**Aim of the task**: In the entries that follow, the lines from the line containing "interracial dating new" up to and including the line containing "Hunger Games Fan" must be copied exactly, with pictures omitted.

**Data shown**:
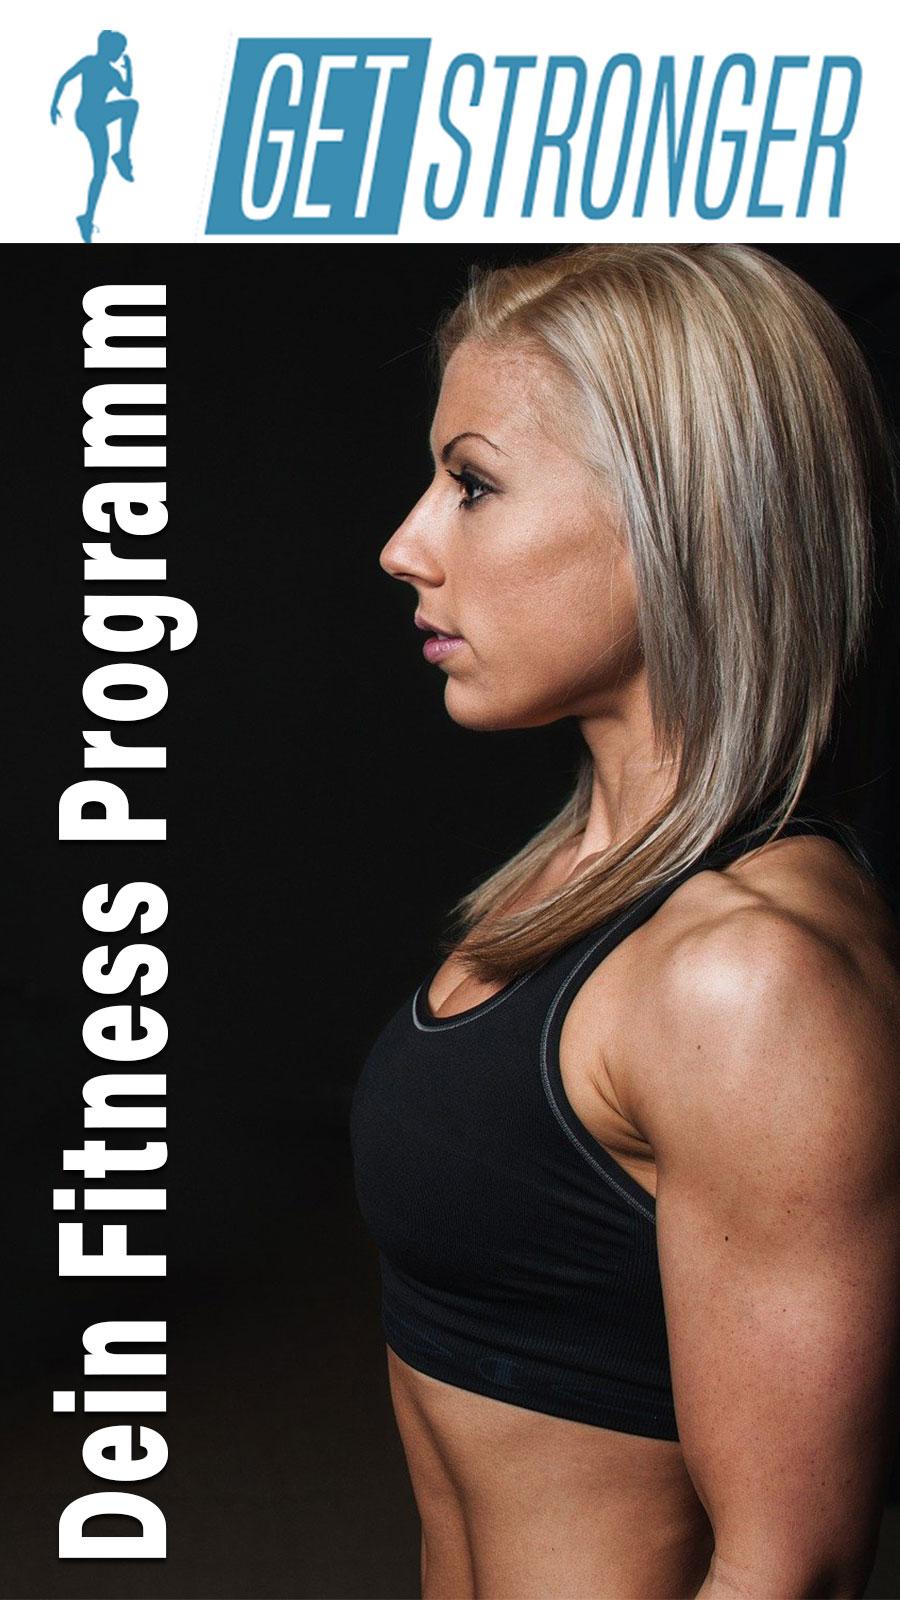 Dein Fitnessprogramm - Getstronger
--
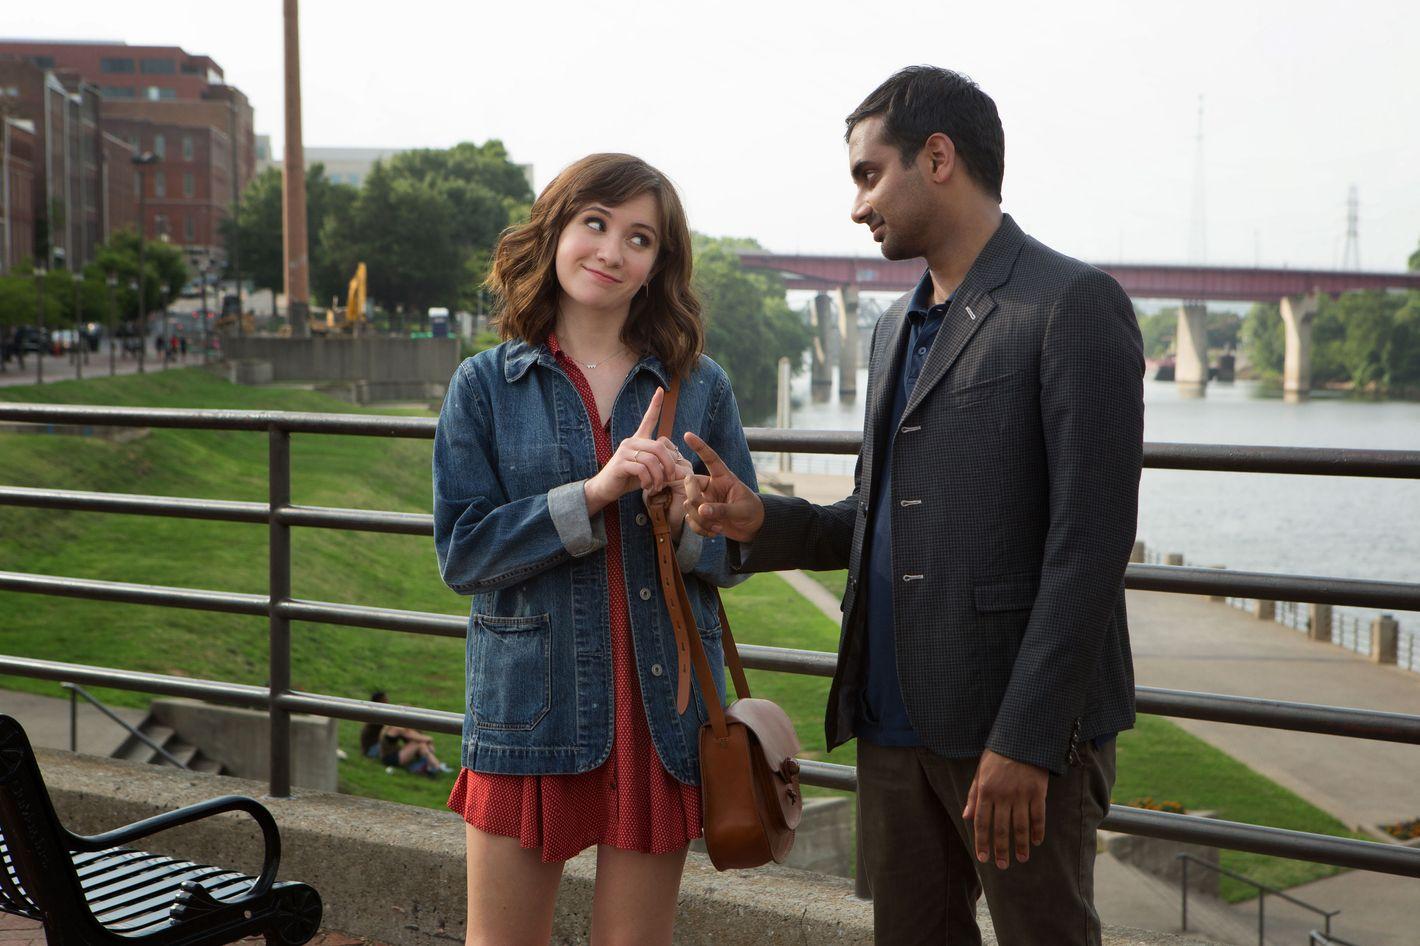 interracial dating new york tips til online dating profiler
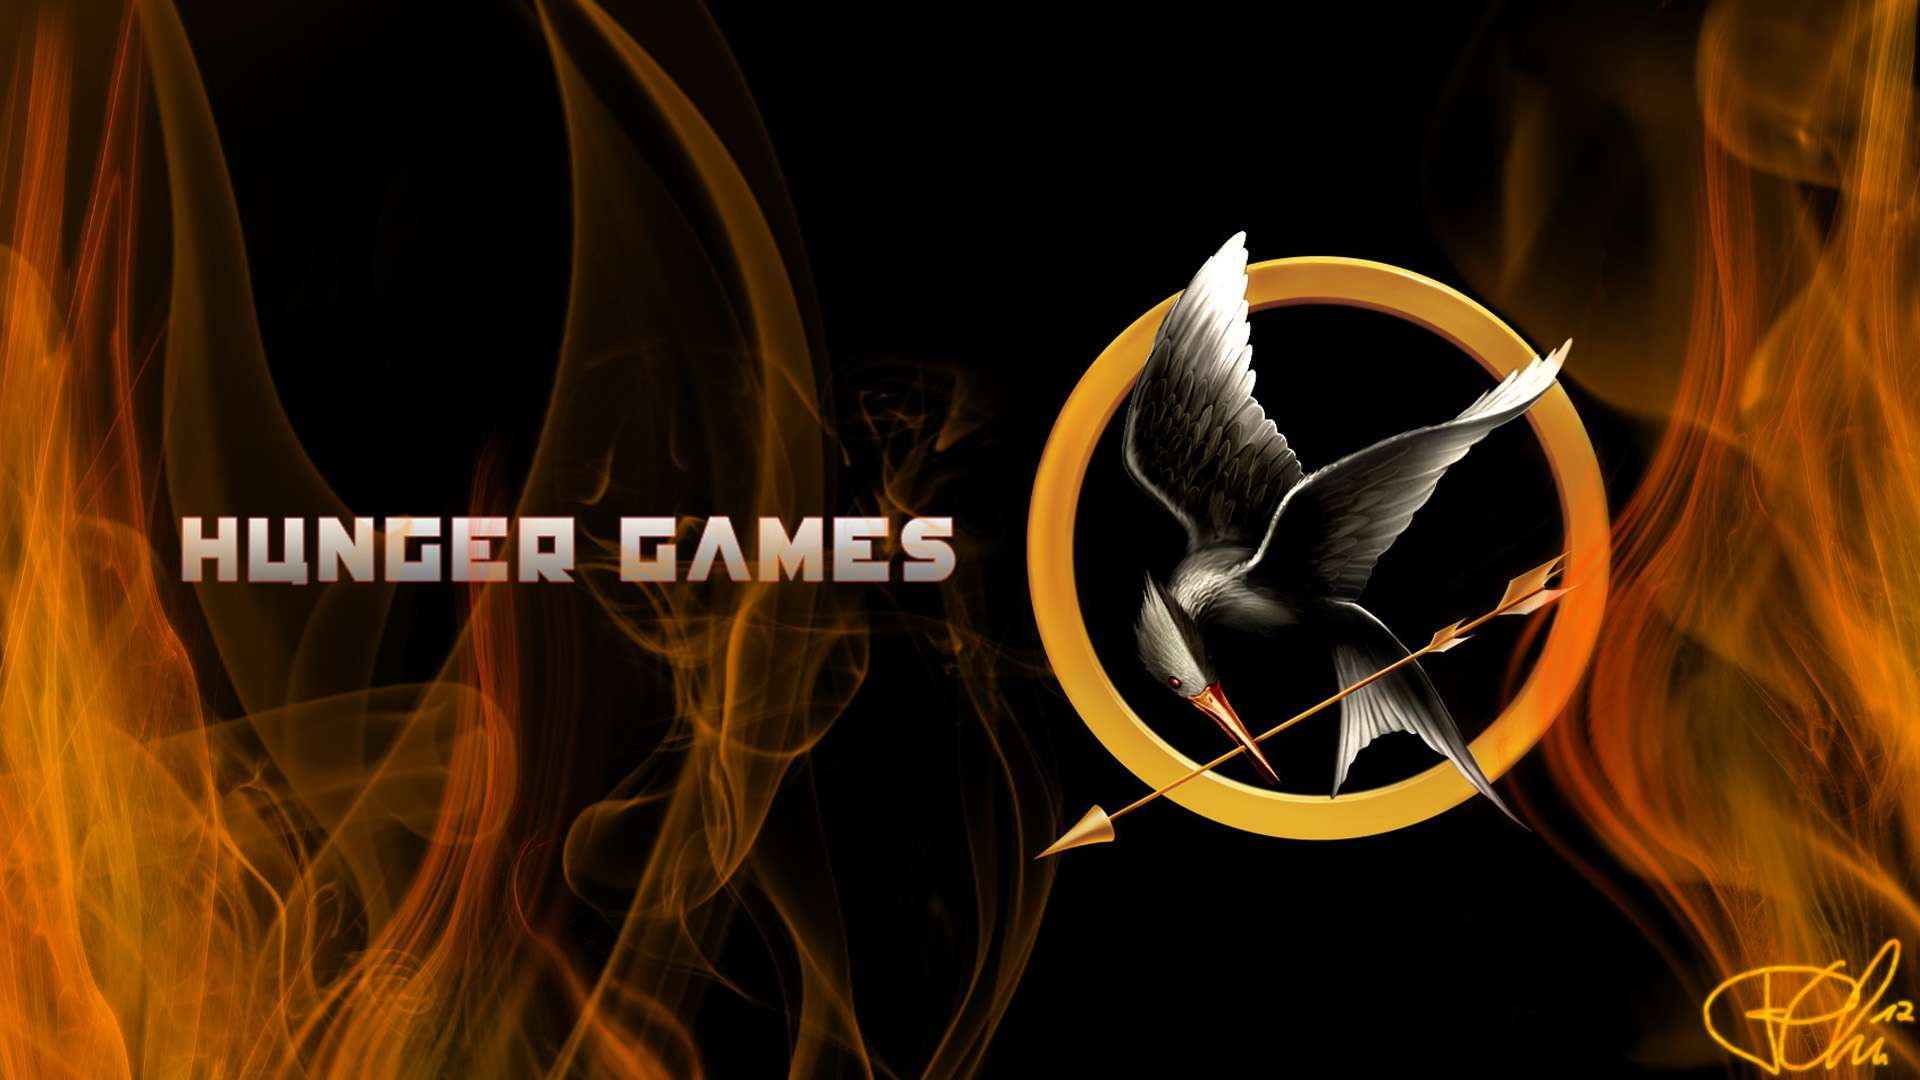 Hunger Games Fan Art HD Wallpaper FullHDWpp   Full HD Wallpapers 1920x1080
* * *
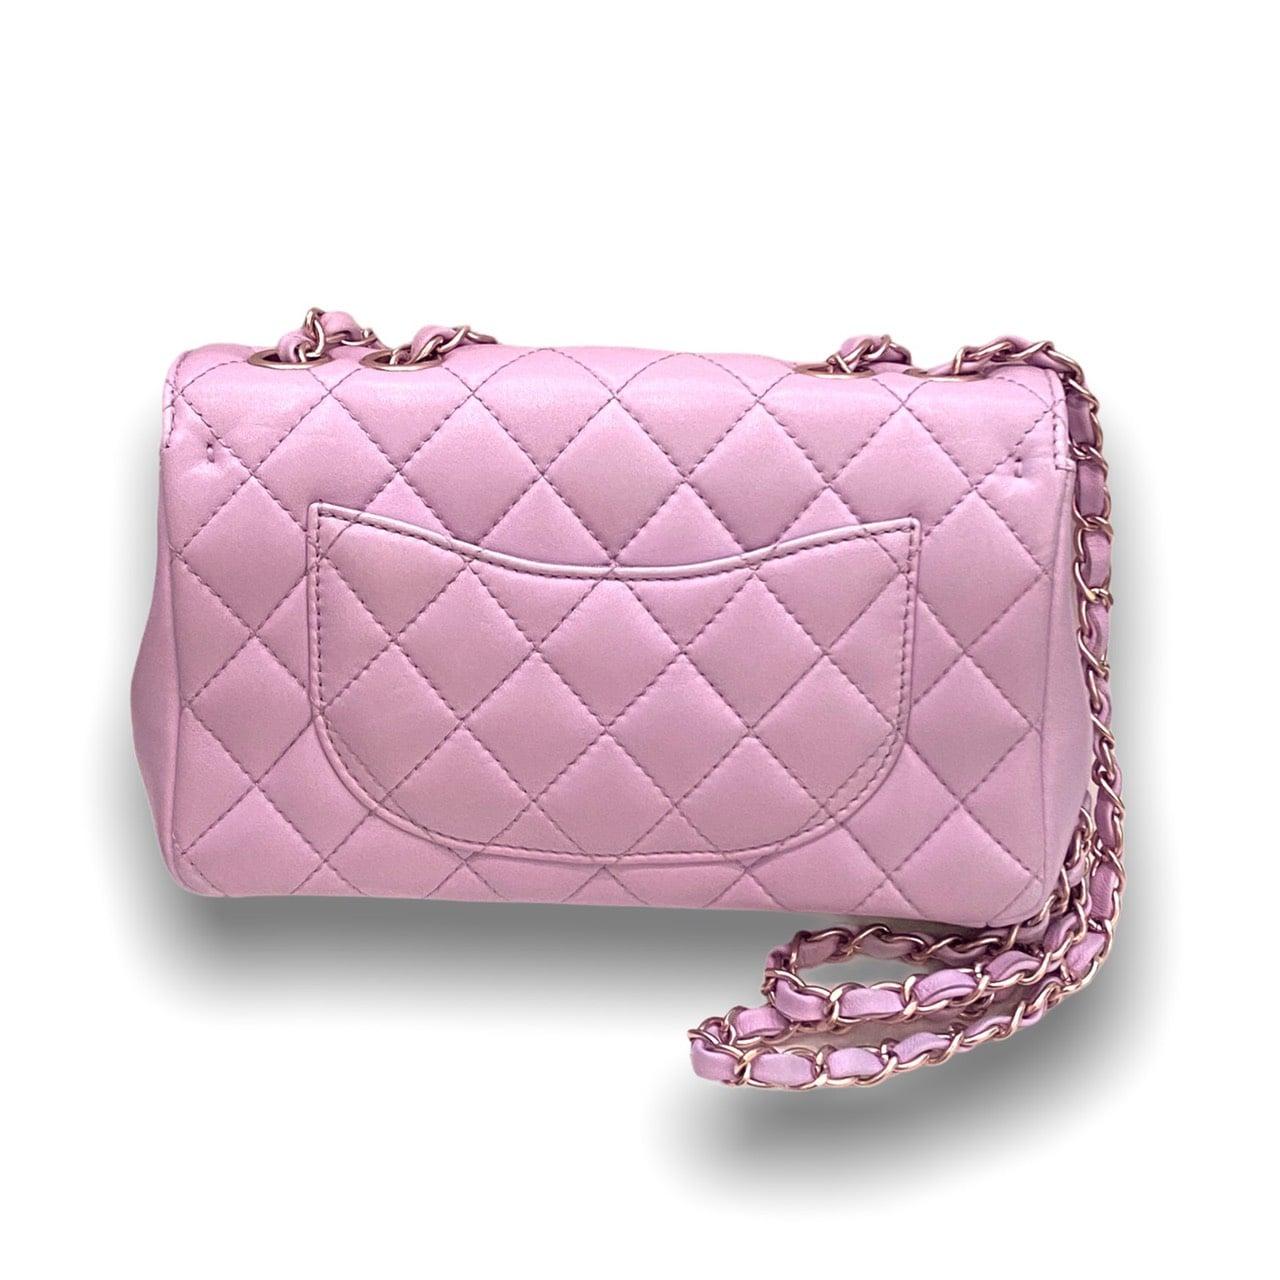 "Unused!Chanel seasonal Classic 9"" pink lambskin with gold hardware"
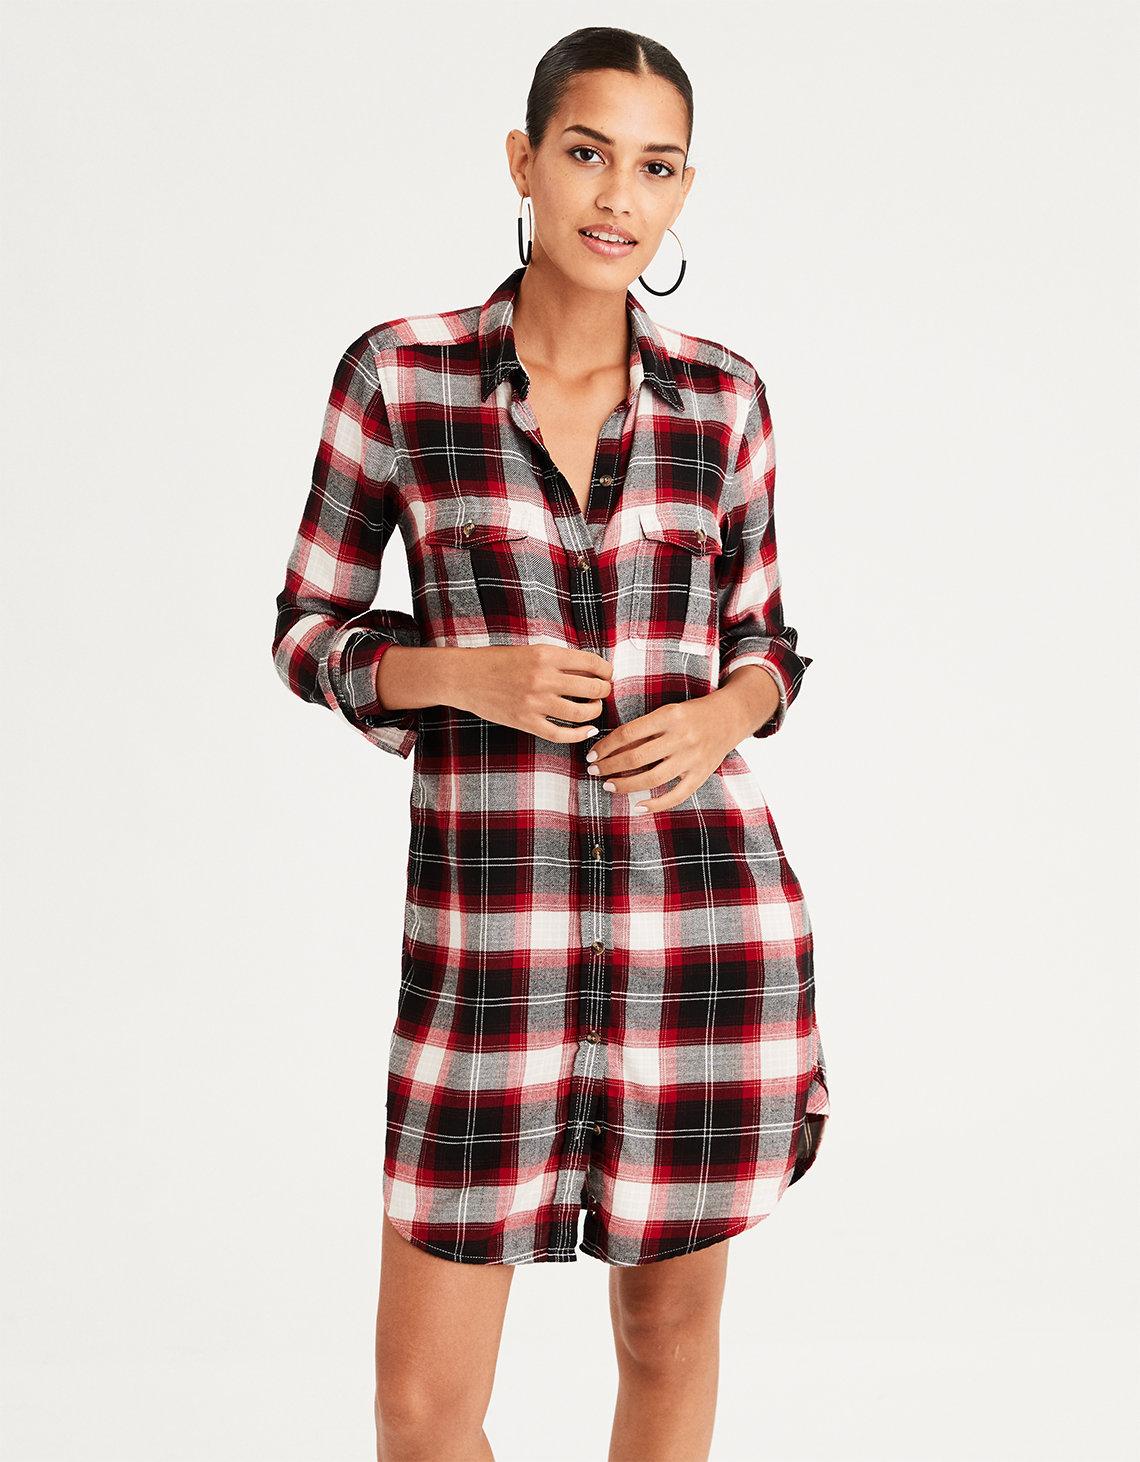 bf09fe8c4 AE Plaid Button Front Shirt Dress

**Reply to the exercise**:
 interracial dating new york tips til online dating profiler
 Hunger Games Fan Art HD Wallpaper FullHDWpp   Full HD Wallpapers 1920x1080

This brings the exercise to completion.